Bestellinformation
| Produkt | Katalog # | EINHEIT | Preis | ANZAHL | Favoriten | |
EAR2 CRISPR Activation Plasmid (m) | sc-420216-ACT | 20 µg | $397.00 | |||
EAR2 CRISPR Activation Plasmid (m2) | sc-420216-ACT-2 | 20 µg | $397.00 |
Das Mausgen *Nr2f6* kodiert den verwaisten nukleären Rezeptor EAR2 (NR2F6), einen ligandenunabhängigen Transkriptionsfaktor, der an Hormon-Response-Elemente bindet und so Genprogramme reguliert, die Differenzierung, Stoffwechsel und Immunhomöostase steuern. EAR2 ist in Signalnetzwerke nukleärer Rezeptoren eingebunden und kann Transkriptionsantworten nachgeschaltet an entzündliche Reize und Entwicklungswege modulieren, einschließlich kontextabhängiger Wechselwirkungen mit Retinoid- und Steroidrezeptor-Schaltkreisen. In Immunzellen wurde die NR2F6-Aktivität mit der Feinabstimmung der Zytokinexpression und von T‑Zell-Effektorfunktionen in Verbindung gebracht, was sie für die Untersuchung von Mechanismen der Immuntoleranz und chronischer Entzündung relevant macht. Eine fehlregulierte NR2F6/EAR2-Expression wurde in mehreren krankheitsassoziierten Transkriptionssignaturen beschrieben, was ihren Einsatz in Modellen der Krebsbiologie, Autoimmunität und Gewebeumbauprozesse unterstützt.
EAR2 Das CRISPR-Aktivierungsplasmid (m) bietet einen gezielten, nicht-destruktiven Ansatz zur Hochregulierung der endogenen Nr2f6-Expression, ohne die zugrunde liegende DNA-Sequenz zu verändern.
EAR2 Das CRISPR-Aktivierungsplasmid (m) ist ein aus drei Plasmiden bestehendes synergistisches Aktivierungsmediator-System (SAM), das für eine hocheffiziente, ortsspezifische transkriptionelle Hochregulation des Nr2f6-Lokus in menschlichen Zelllinien entwickelt wurde. Das System basiert auf einem katalytisch inaktiven Cas9 (dCas9), das zwei inaktivierende Mutationen (D10A und N863A) trägt, welche die Nukleaseaktivität eliminieren, während die DNA-Bindung erhalten bleibt. Dieses dCas9 ist mit VP64, einem potenten Transkriptionsaktivator, fusioniert und wird zusammen mit einem Blasticidin-Resistenzgen zur Selektion koexprimiert. Das zweite Plasmid kodiert das MS2-p65-HSF1-Fusionsprotein, einen sekundären Aktivatorkomplex, der zusammen mit dCas9-VP64 wirkt, sowie ein Hygromycin-Resistenzgen. Das dritte Plasmid kodiert für eine zielspezifische 20-nt-sgRNA, die an zwei MS2-RNA-Aptamere fusioniert ist, welche den MS2-p65-HSF1-Komplex an die Aktivierungsstelle rekrutieren, begleitet von einem Puromycin-Resistenzgen. Die drei Plasmide werden im Massenverhältnis 1:1:1 verabreicht, um eine ausgewogene Expression aller Systemkomponenten zu gewährleisten.

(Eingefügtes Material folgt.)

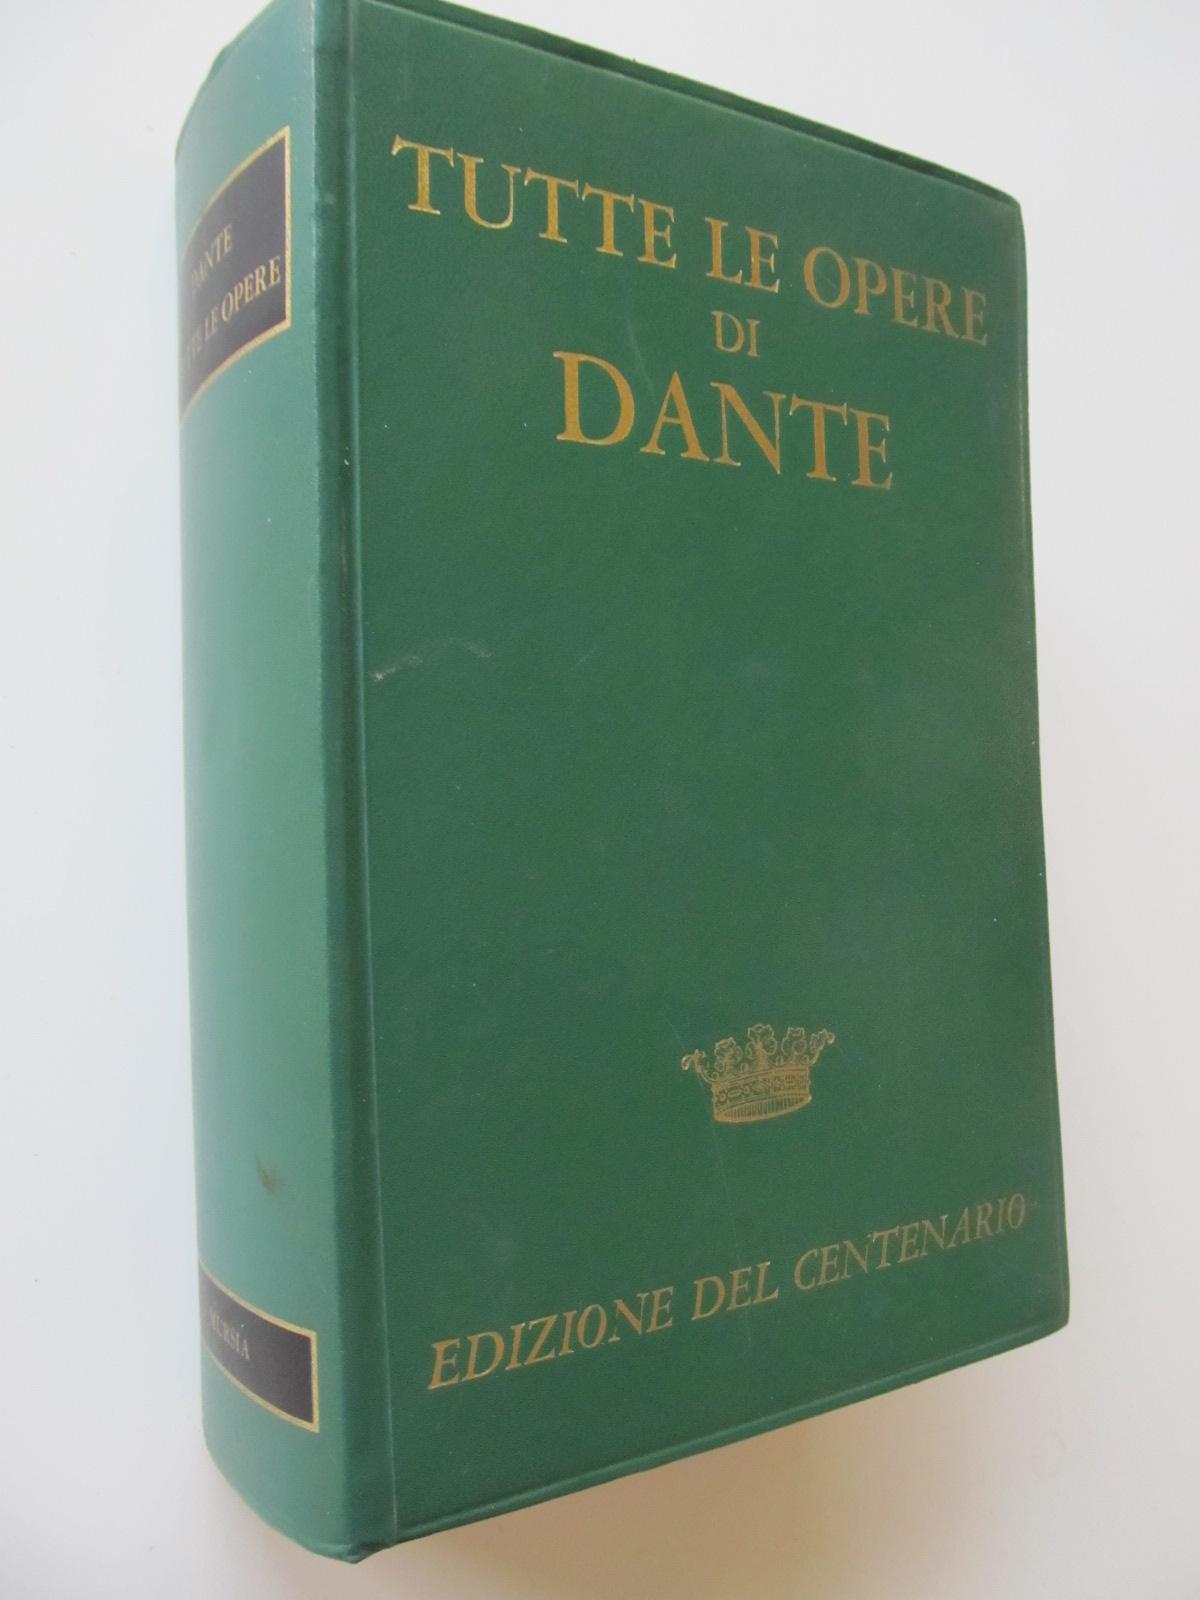 Tutte le opere di Dante (toate operele) - Editione del centenario - Dante Alighieri | Detalii carte

Nach der Assemblierung am Zielort bindet der SAM-Komplex etwa 200 bp stromaufwärts der Nr2f6-Transkriptionsstartstelle, wo VP64, p65 und HSF1 gemeinsam die Transkriptionsmaschinerie rekrutieren und die Hochregulation der endogenen EAR2-Expression vorantreiben. Im Gegensatz zu nukleaseaktivem Cas9 verursacht dCas9 keine Doppelstrangbrüche und verändert die genomische Sequenz nicht, wodurch der native Nr2f6-Locus erhalten bleibt und die Untersuchung von EAR2-abhängigen Transkriptionsreaktionen am endogenen Locus ermöglicht wird. Dies macht es zu einem wertvollen Werkzeug für Funktionsstudien, die Identifizierung von Zielgenen und die Modellierung der Wiederherstellung des EAR2-Signalwegs in Tumorzellen mit stillgelegtem oder reduziertem Nr2f6-Ausdruck.
Nur für Forschungszwecke. Nicht für diagnostische oder therapeutische Zwecke bestimmt.